◆ Action item:
The answer should consist of the full listing below, repeated exactly and free of pictures.

◆ Given information:

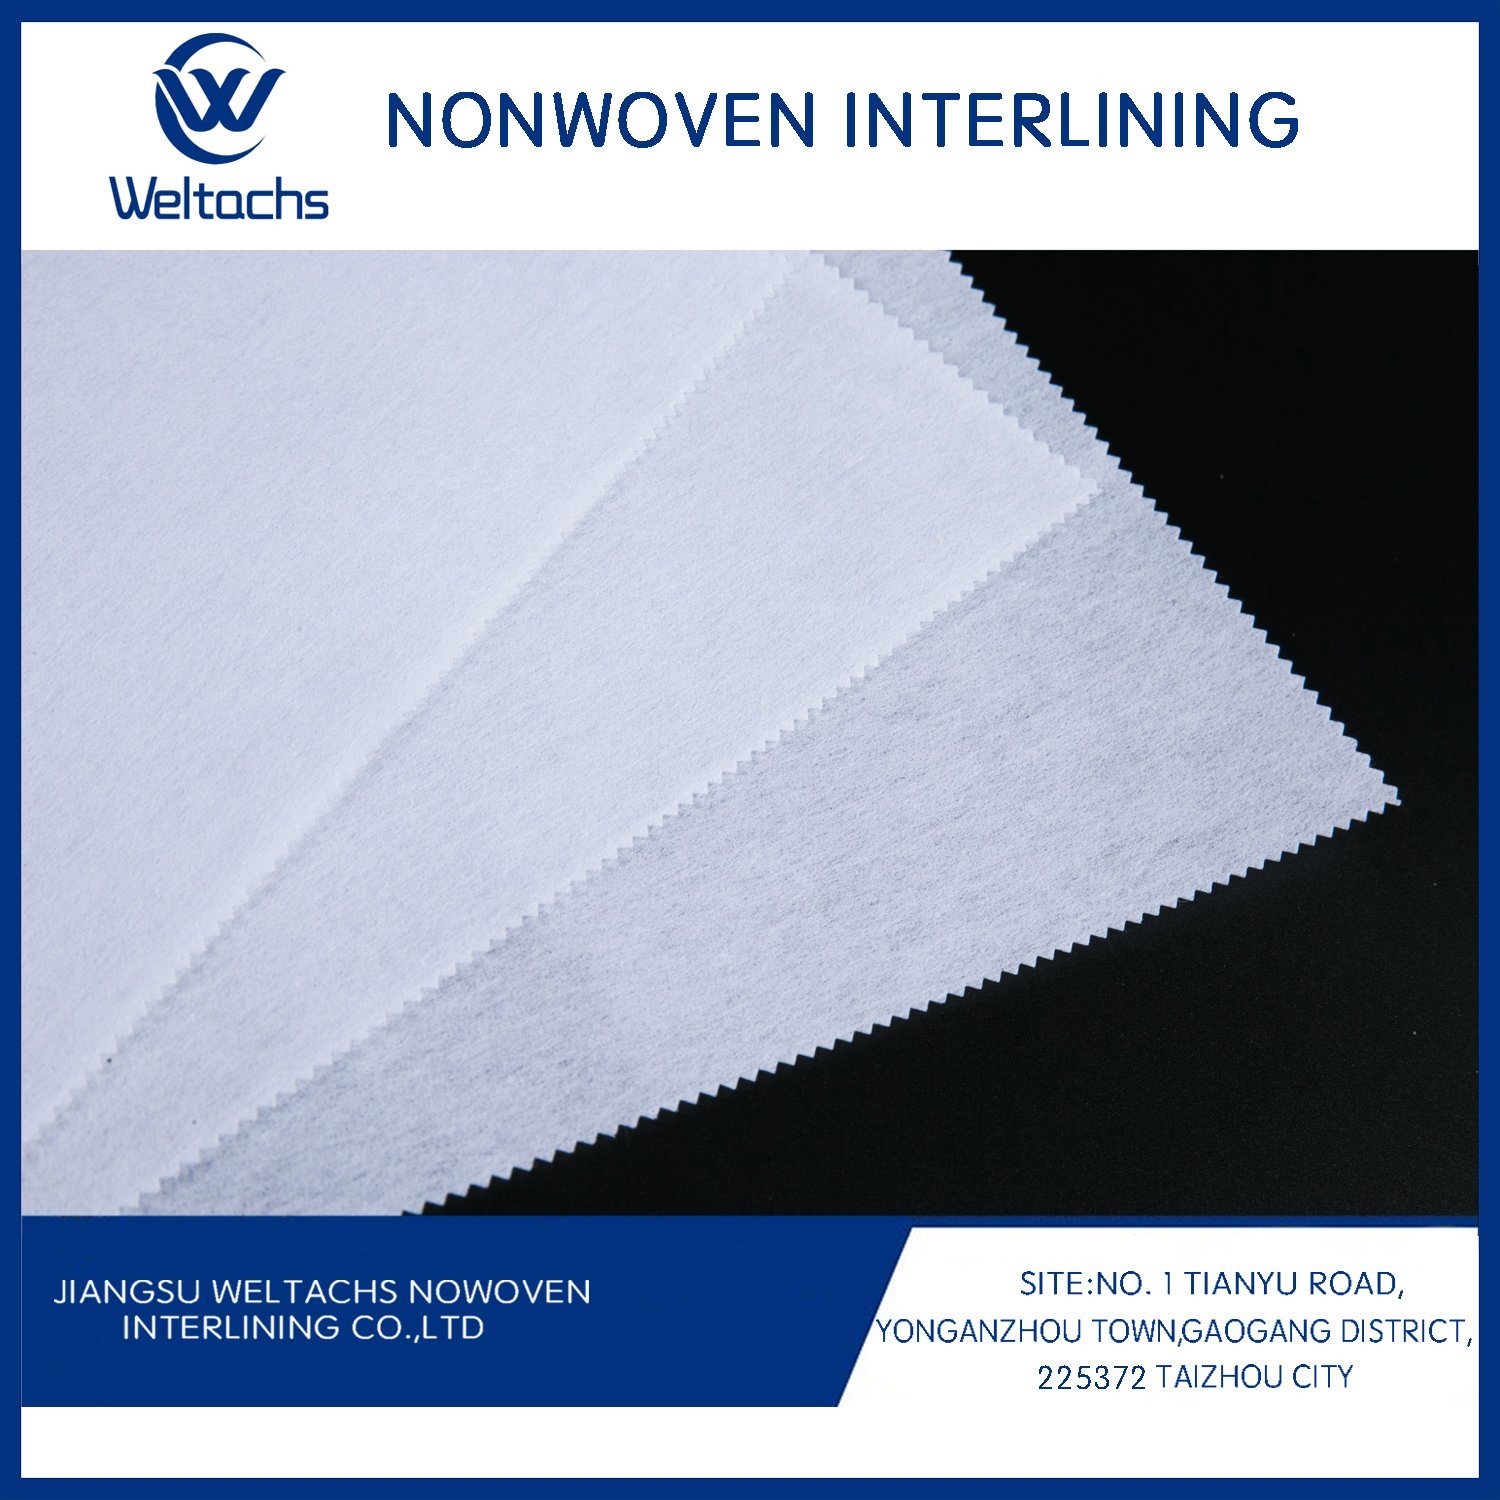 Hot Sale Dubai Magic Nonwoven Interlining PVA Hot Water Soluble Paper Dissolving in Water After Embroidery for Pakistan Market
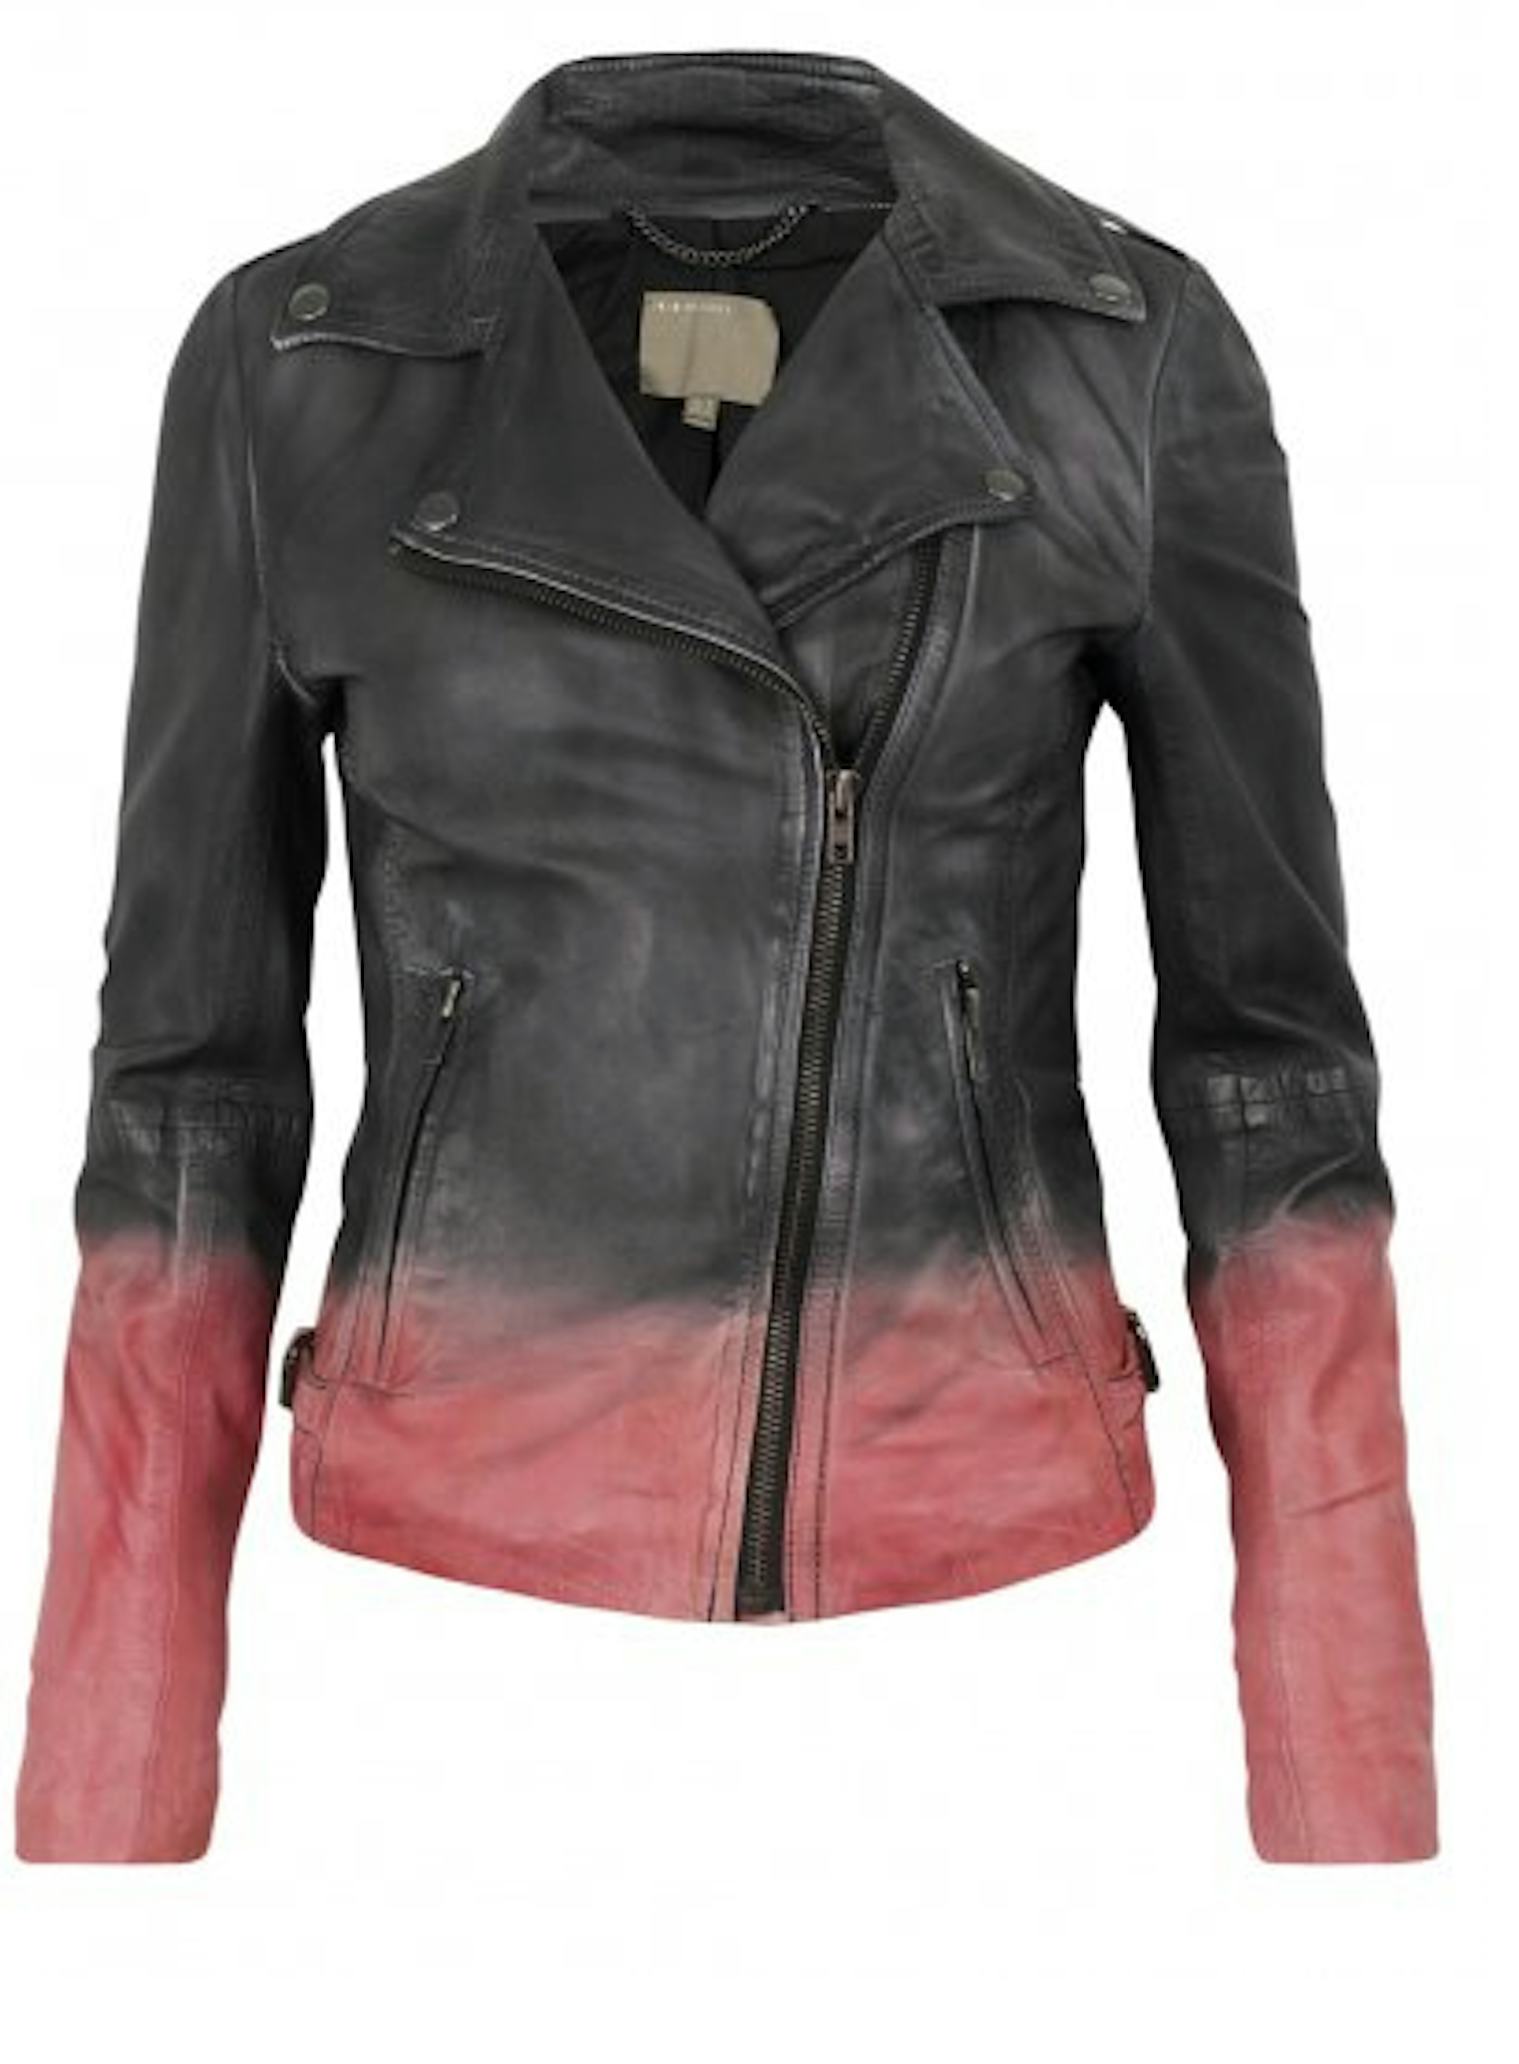 6 Ways To Update Your Classic Black Leather Jacket (DIY, Optional)
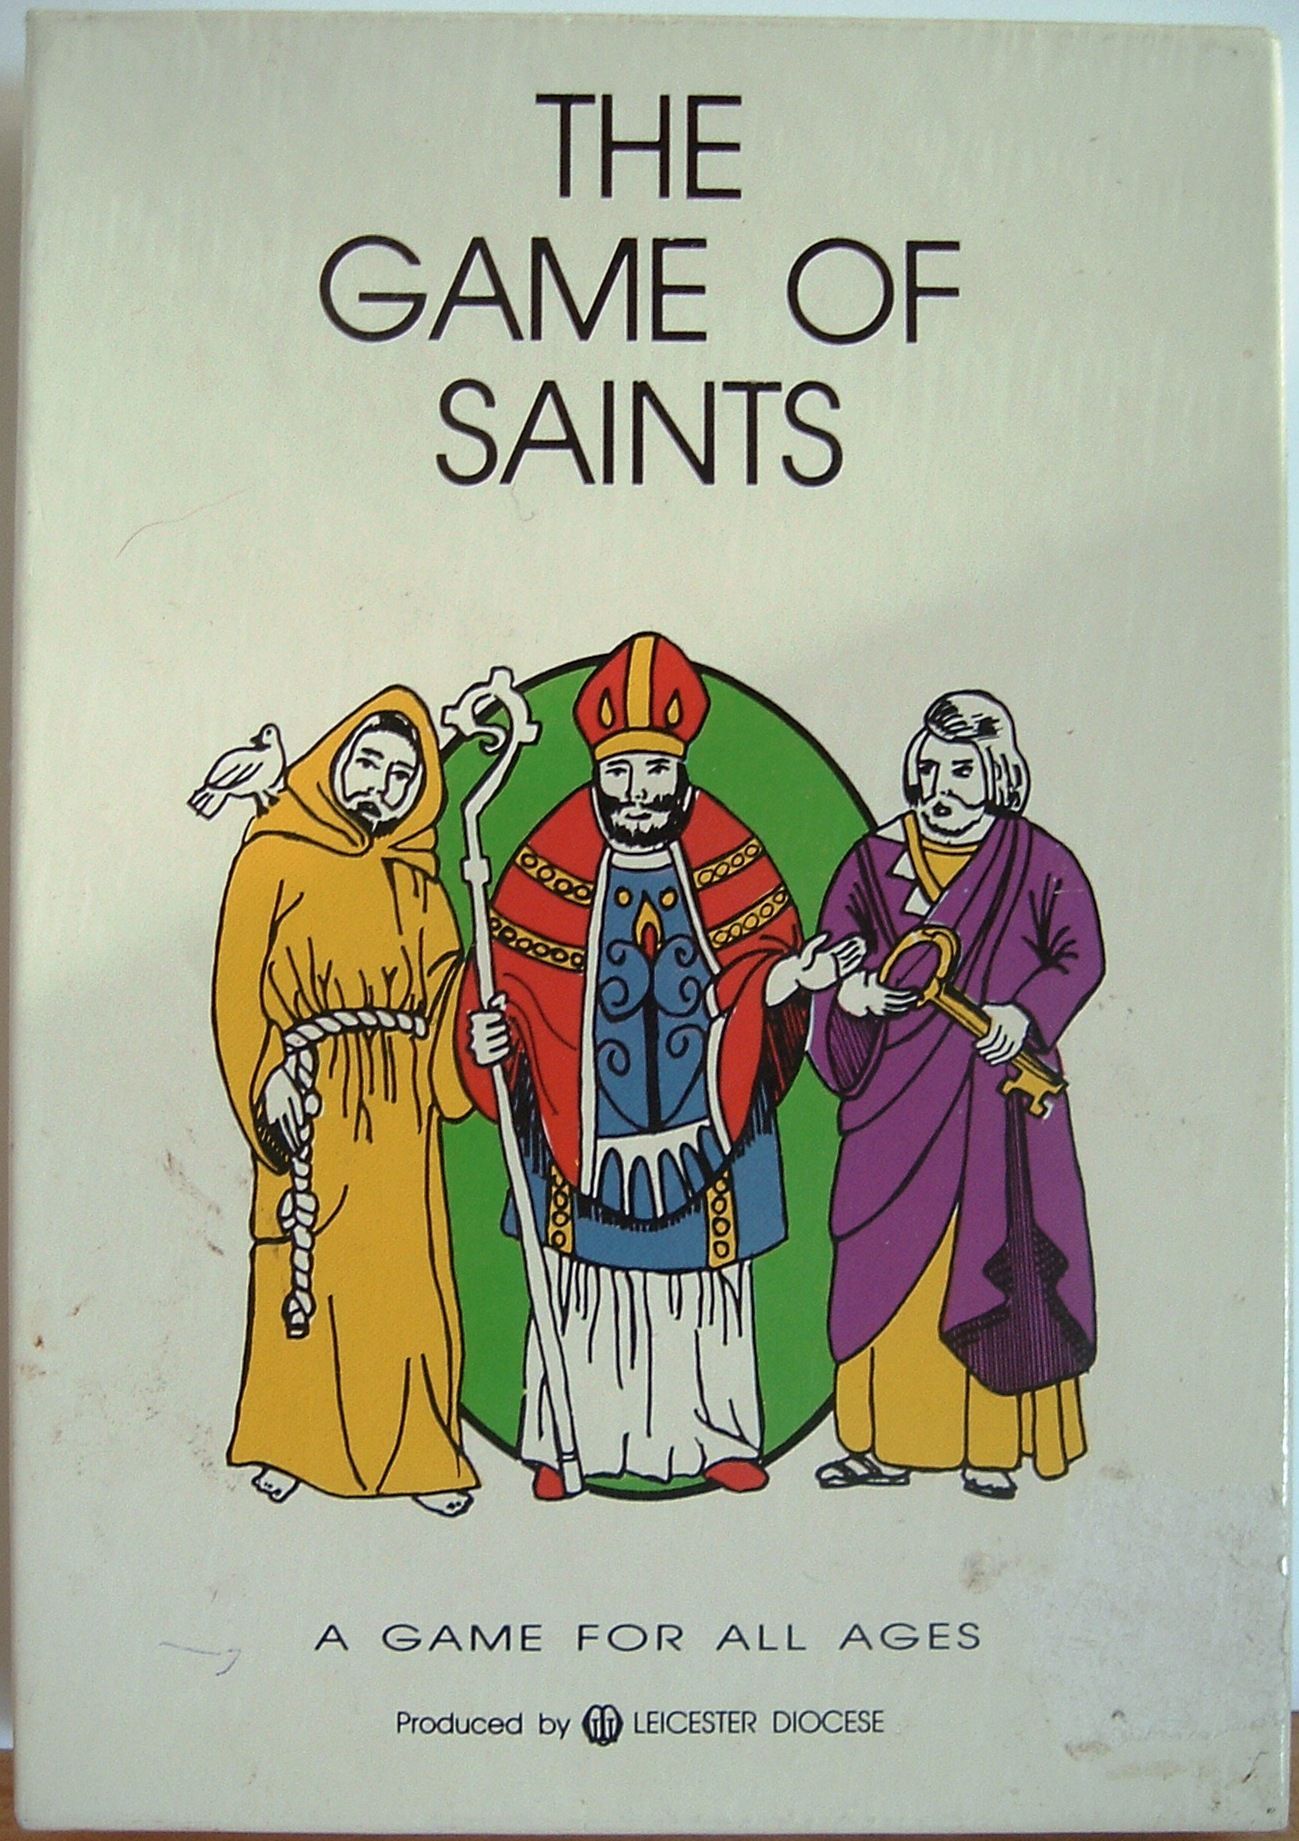 The Game of Saints

◆ Response to this exercise:
 Hot Sale Dubai Magic Nonwoven Interlining PVA Hot Water Soluble Paper Dissolving in Water After Embroidery for Pakistan Market
 6 Ways To Update Your Classic Black Leather Jacket (DIY, Optional)
 The Game of Saints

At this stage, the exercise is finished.